Recorded information:
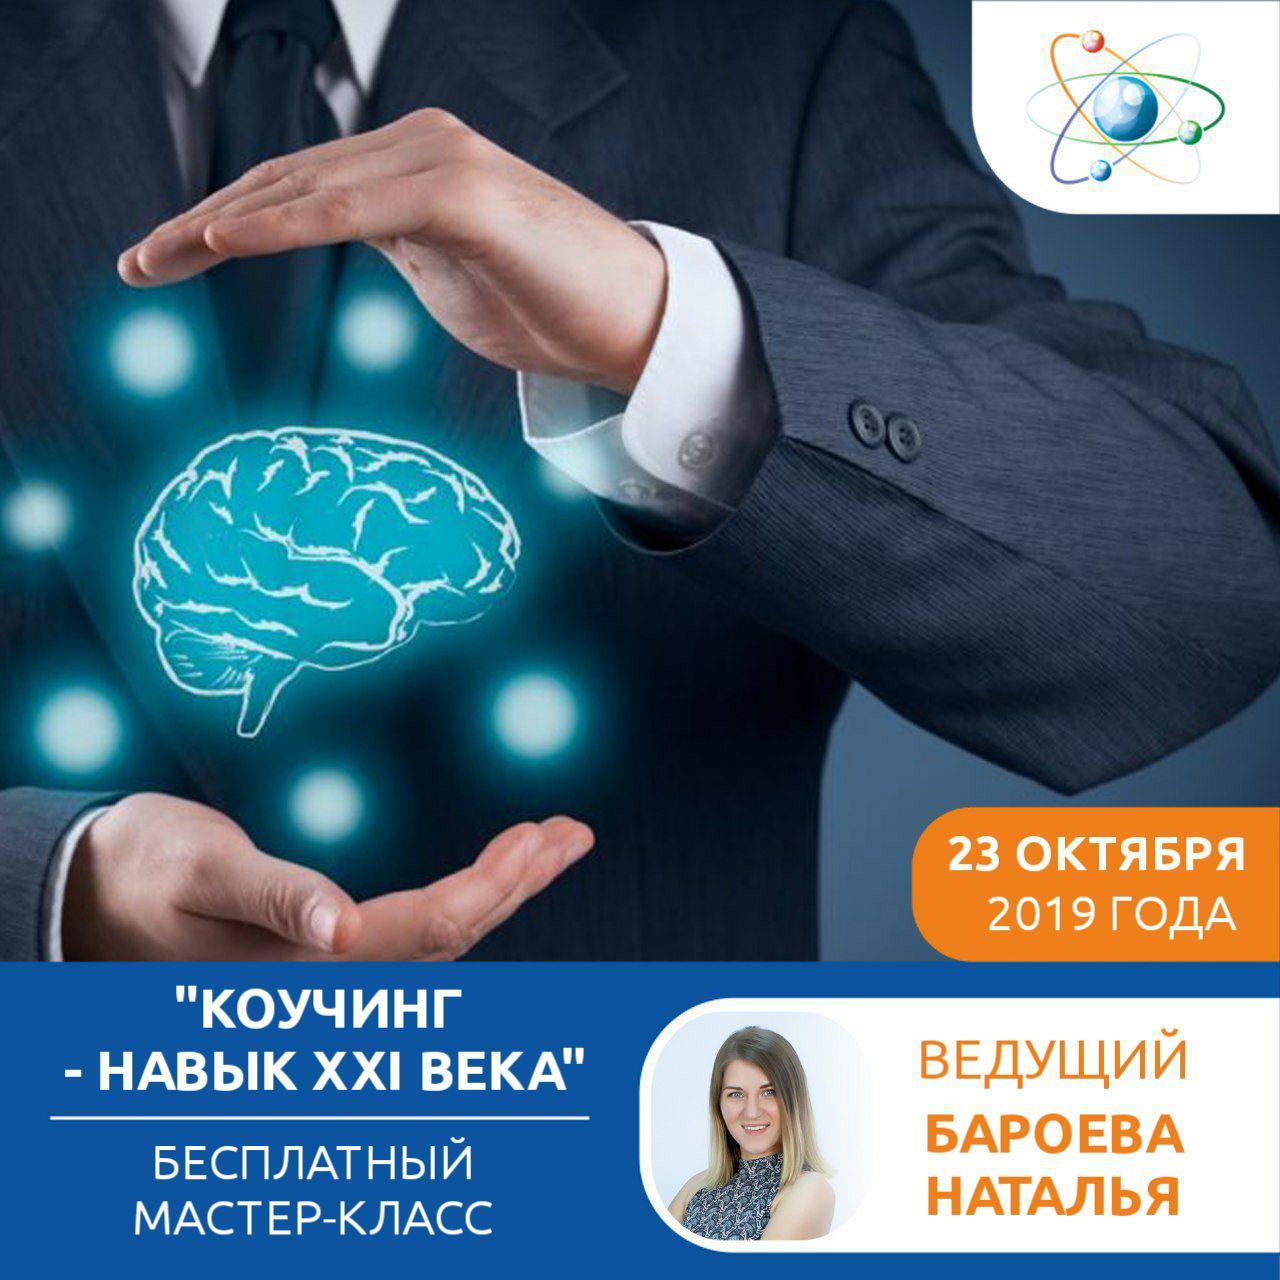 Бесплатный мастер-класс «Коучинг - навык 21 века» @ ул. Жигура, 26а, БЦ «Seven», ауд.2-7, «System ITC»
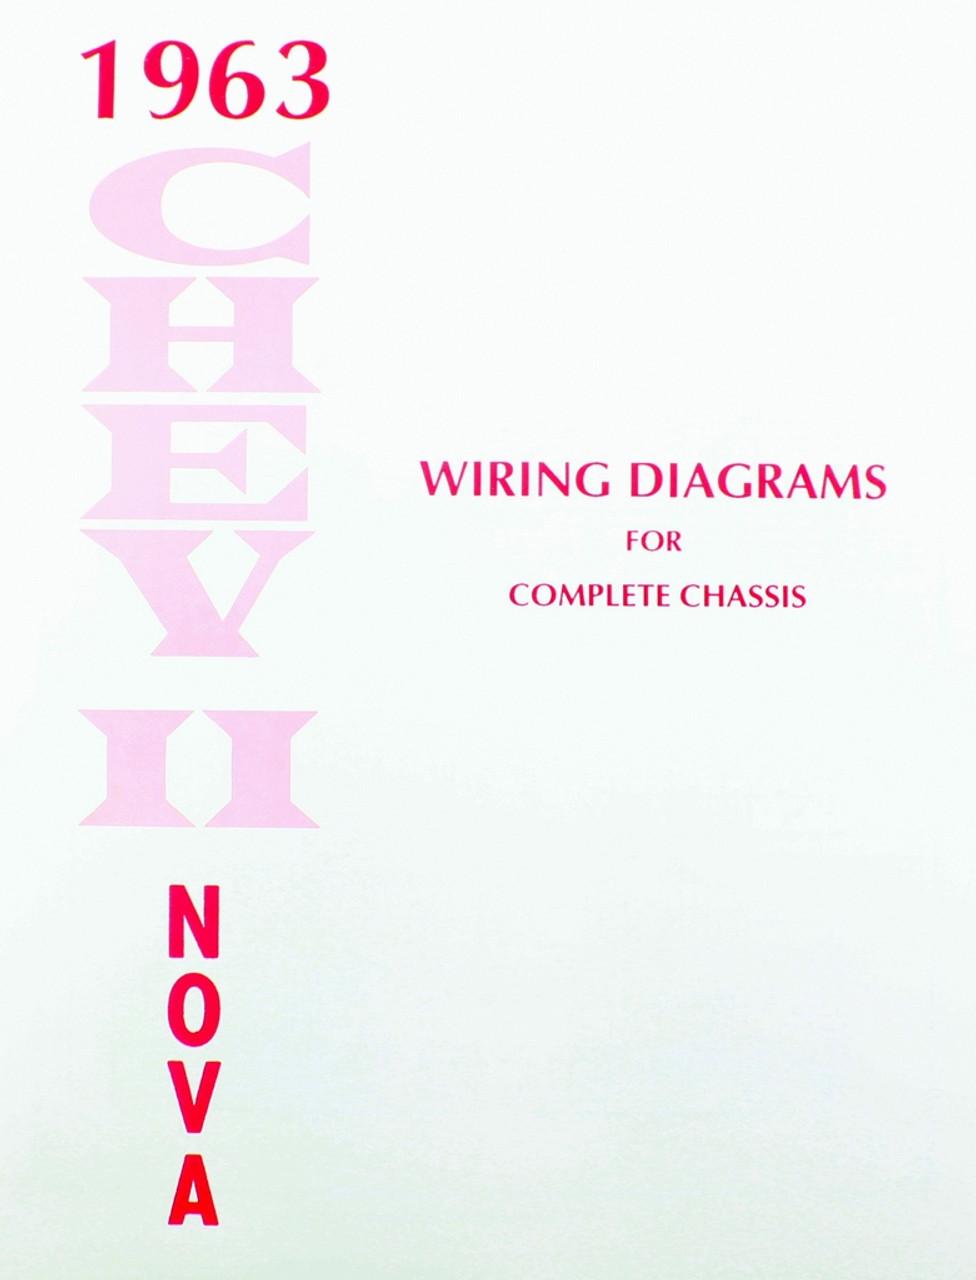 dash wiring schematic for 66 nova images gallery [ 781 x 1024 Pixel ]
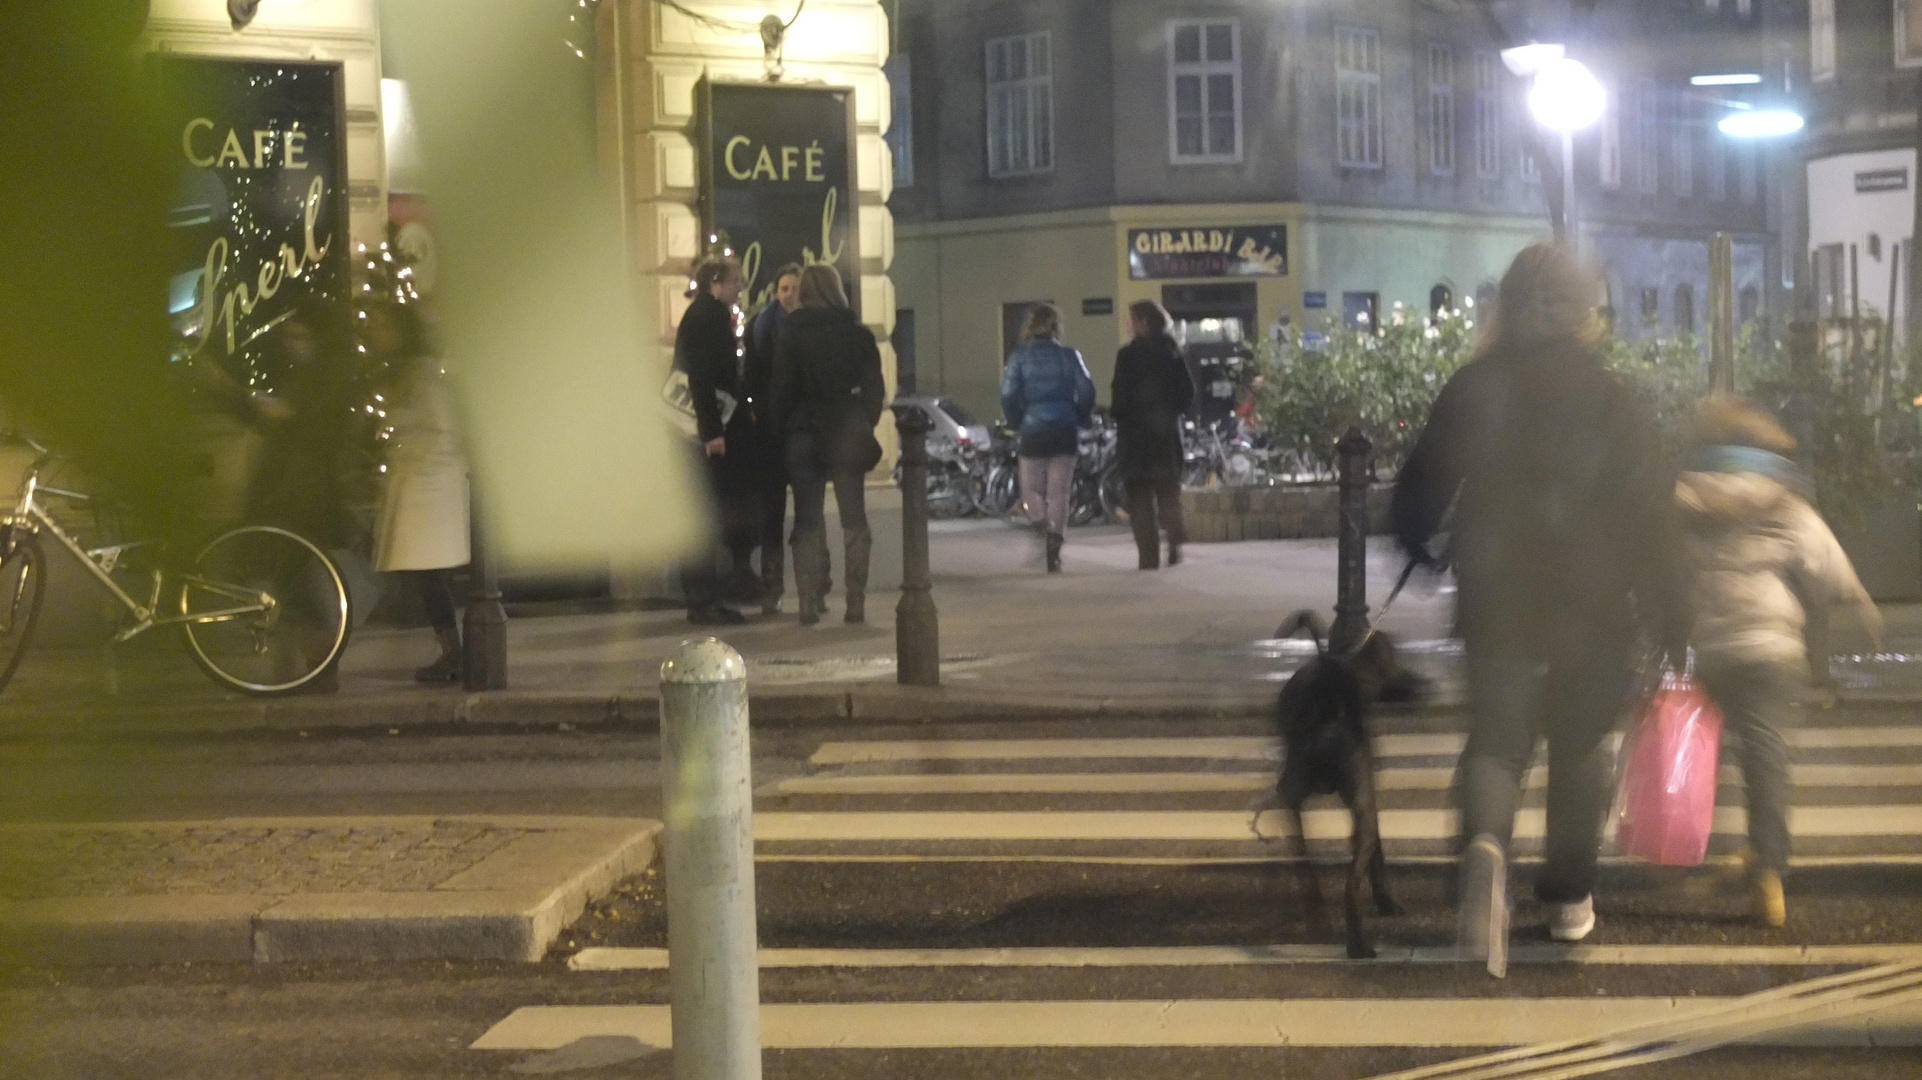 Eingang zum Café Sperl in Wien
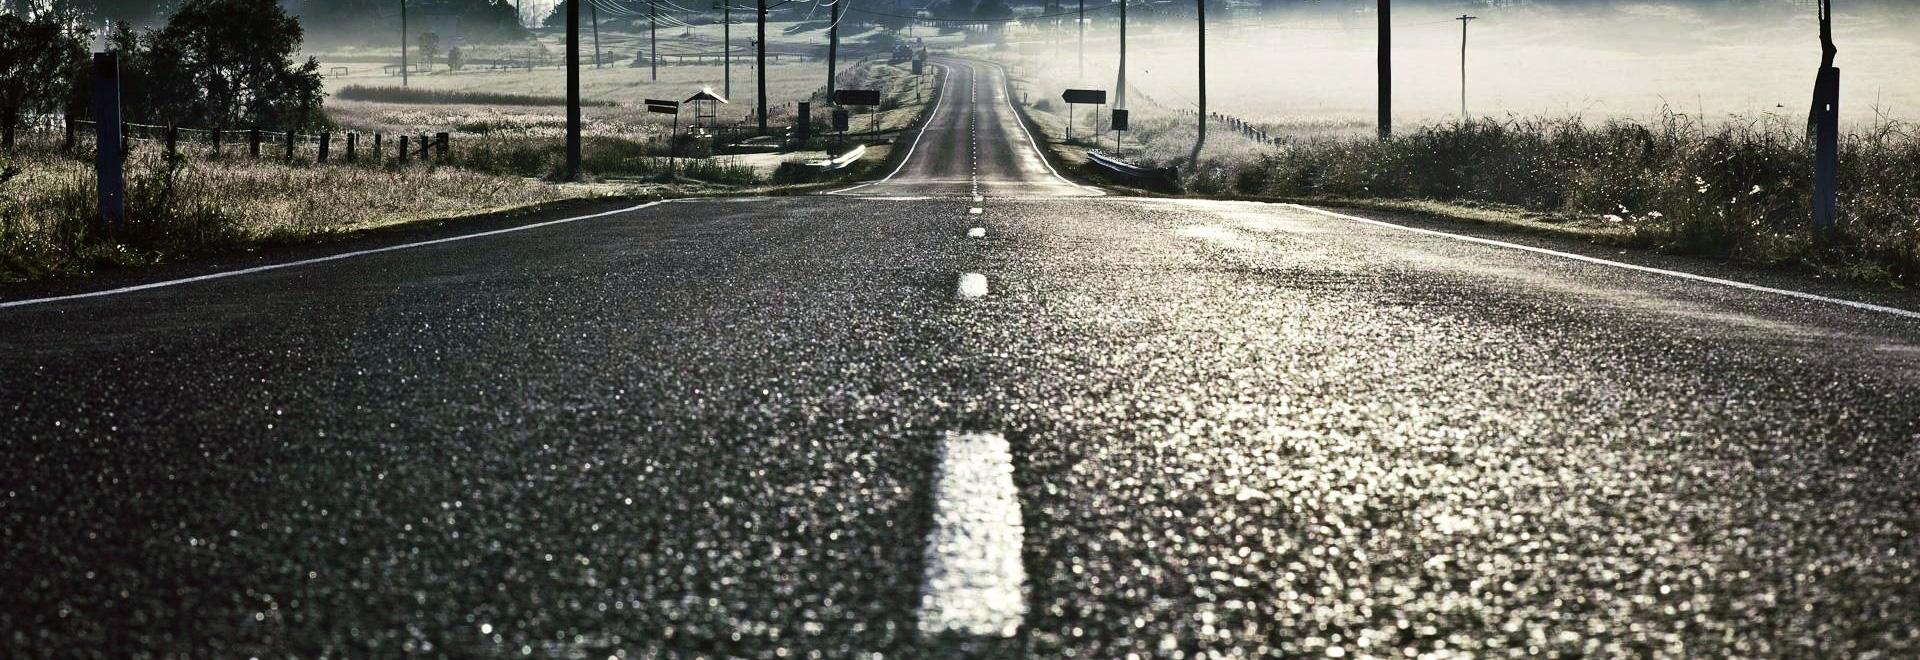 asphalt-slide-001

Directions for this task: Pictures stay out. Copy exactly, and only, the lines from the one containing "Eingang zum Café Sperl in Wien" through the end of the data.

Expected output:
 Eingang zum Café Sperl in Wien
 asphalt-slide-001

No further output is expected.